In the basement, she finds the terminal. Grey steel and a single glowing red button. Press it, and AI – every model, platform, tool – vanishes from the world of research.
She imagines what might happen if she does: The viewing facility upstairs fills up again. Real participants, real conversations, real meaning made in the room. Mid-career researchers develop with the core skills of the craft. No more AI vendor hype on LinkedIn about the next platform to remove the need for humans. “Good enough” research stops being good enough.
Her finger hovers…
This article covers part of the webinar “Independent Researchers & AI: Transformation, Trade-offs, and the Road Ahead”, which was part of The Next Generation Insights Summit held in April of 2026. Rewatch the entire webinar here:
Independent Researchers & AI: Transformation, Trade-offs, and the Road Ahead
For many of us researchers (both independent and agency side), the rise of AI can feel like what I call the “Uber paradox”. In that, Uber drivers embrace the platform’s AI-powered routing and the limitless supply of customers, even though the company’s stated ambition is to replace them with fully autonomous cars. Using AI in research can feel similar: the more we use it, the better it gets. The better it gets, the more it feels like it’s going to replace us with fully autonomous self-researching AI.
In the context of this pressure we are under, I was delighted to chair a discussion hosted by Insight Platforms, with three brilliant independent researchers, all about their use of and feelings towards AI. This was part of The Next Generation Insights Summit 2026.
I put the question to the panel: If you could press a button that removed AI from the research industry, would you?
The 80 attendees voted first: 19% would press it, 71% wouldn’t, and 11% weren’t sure. Here’s what the Indies said.

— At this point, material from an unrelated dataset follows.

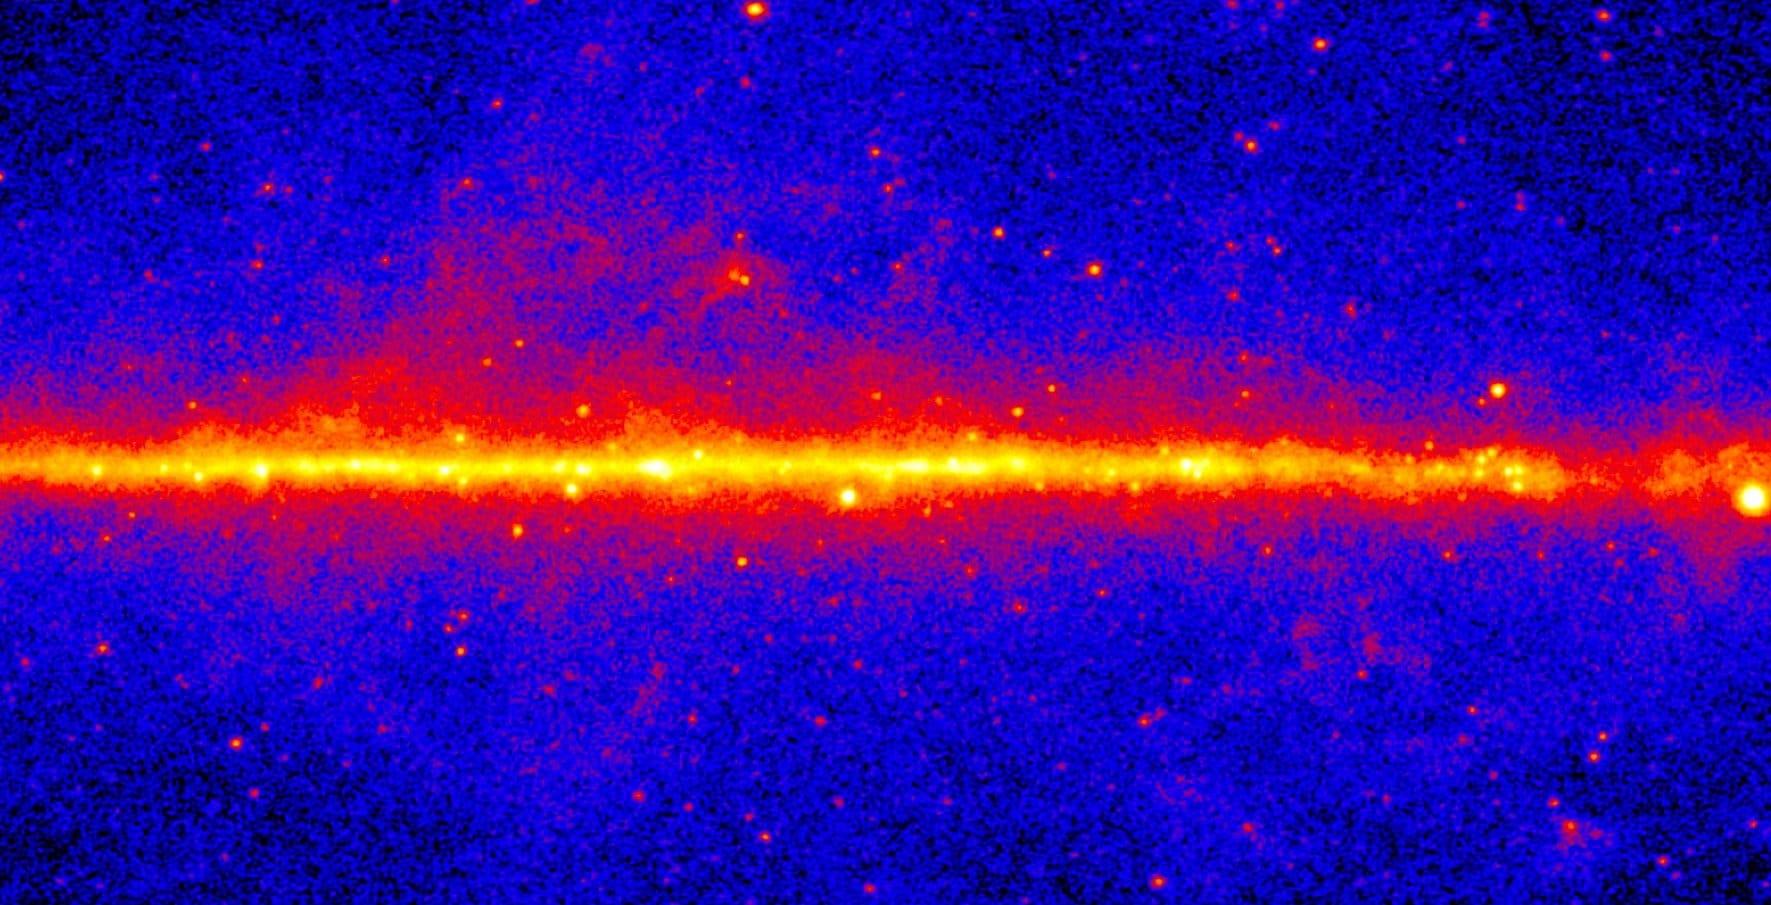 Gleamoscope/Fermi Telescope

Ramona Daniel: AI – The Sparring Partner
Ramona Daniel
Ramona Daniel sees AI as a sparring partner
“I wouldn’t press it. AI is like a second or third brain. Sometimes working on your own means you can’t see the wood for the trees, and I need someone or something else to challenge me and help me find the space between where I’m not looking and where I should be. AI is like a sparring partner that inspires me to think better”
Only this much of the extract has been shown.